「倫理学」タグアーカイブ

動物の権利と人間のエゴイズム:加速するセンシティブな倫理観

20世紀後半から倫理学には『動物の権利(アニマル・ライツ)』という分野が設けられたが、動物の生命や感覚にも『人になぞらえられるべき一定の価値』があるという倫理観・判断基準は比較的新しいものである。

人間は動物を家畜化して食肉にしたり、医学・科学の発展のために実験動物として利用したり、学術・鑑賞のために動物園の檻(研究室の飼育環境)に閉じ込めたり、愛玩するために品種改良したり飼育したりする。

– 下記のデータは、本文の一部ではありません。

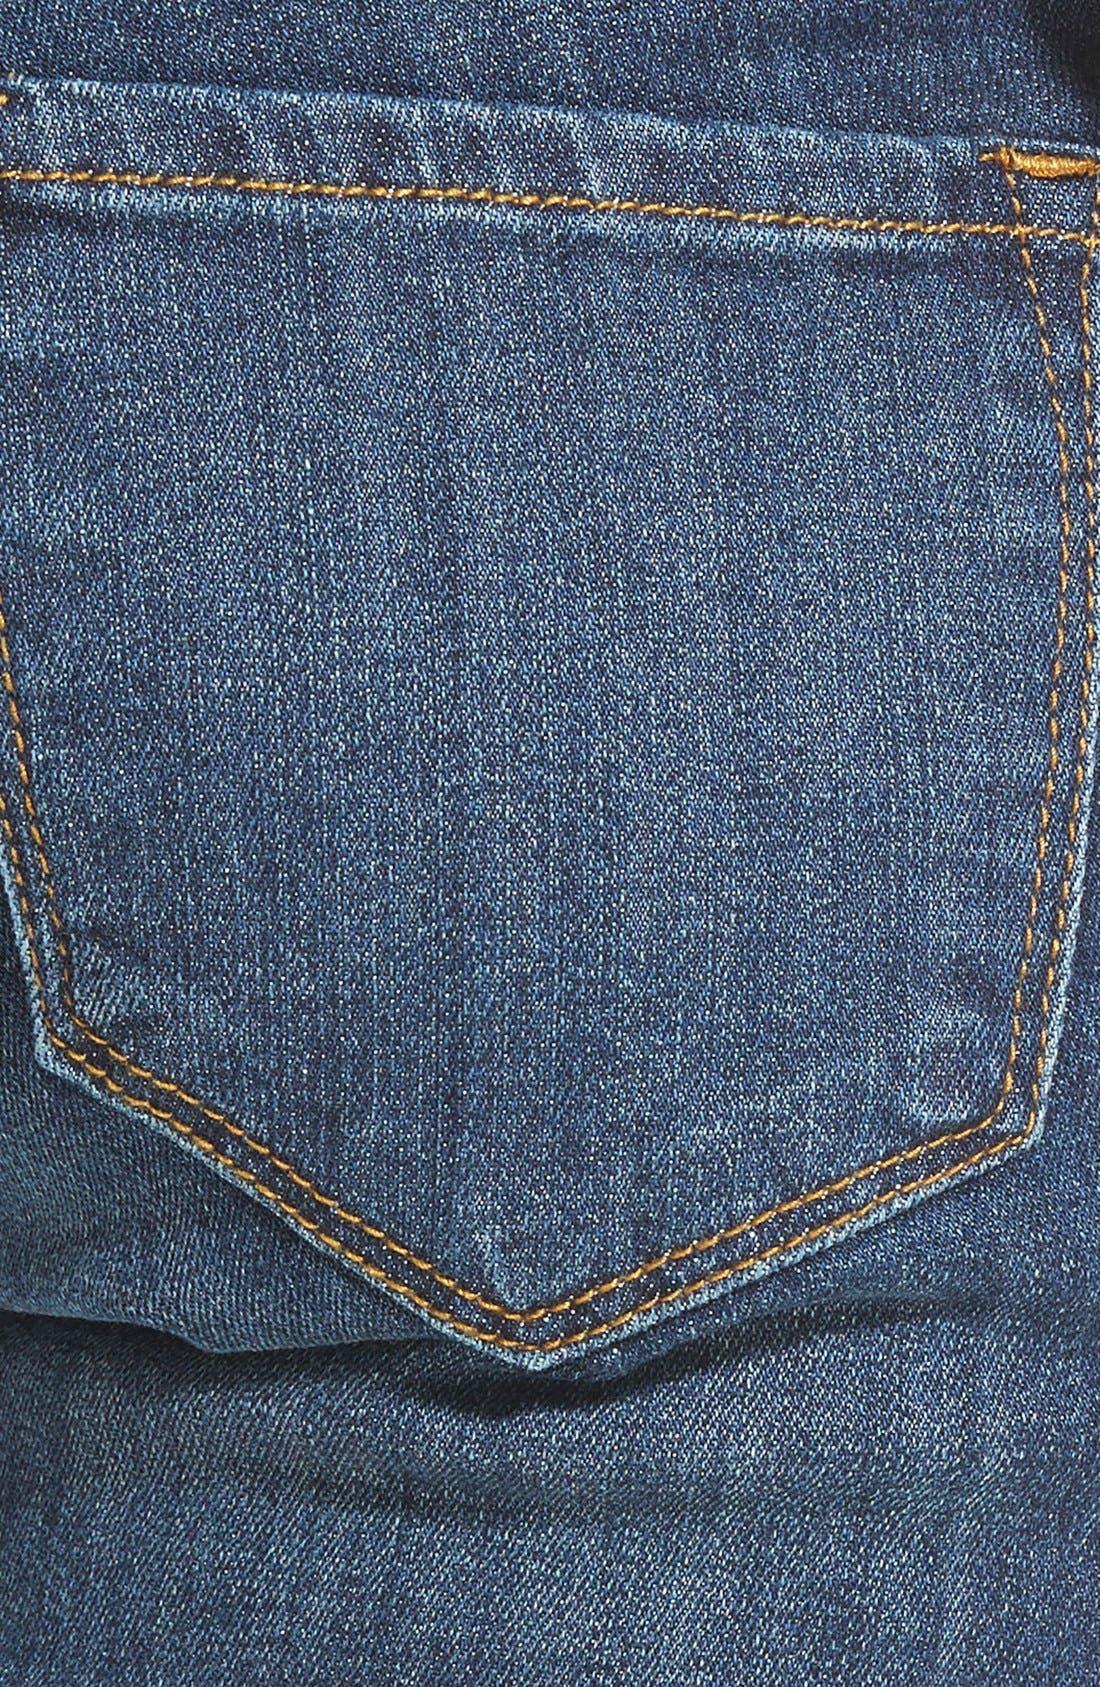 Alternate Image 4  - STSBlue 'Joey' Low Rise Boyfriend Jeans (Big Bear)

その意味では、人間は動物を人間のための『価値ある資源』として利用する存在であり、『動物虐待』と『必然的・不可避な利用(食用・鑑賞用・飼育用・実験用など)』との差違もまた人間的な感情や感覚の受け取り方に由来することになるだろう。

一方的に殺される側、利用される側の動物からすれば、『人間の側の理由・事情・必要性』などどうでもいいことではあるが、動物は人間との知能・実力(戦闘能力)の差によってどうしても『一切殺されない・利用されない存在』になることは現実的に不可能である。

映画『猿の惑星』のシーザーのように、人間と同等の知能と意思疎通能力・戦闘能力・道具製作を持った『新たな種(人類の天敵の種)』でも出現しない限り、地球上において『食肉・飼育をはじめとする人が必要とする動物資源の利用』を実力行使でやめさせられる種は不在だからである。仮に、進化した類人猿や宇宙から飛来した異星人に、人類が取って代わられたとしても、次は『人類に代わった優性種』が他の動物資源を利用しないという保証は何らないが。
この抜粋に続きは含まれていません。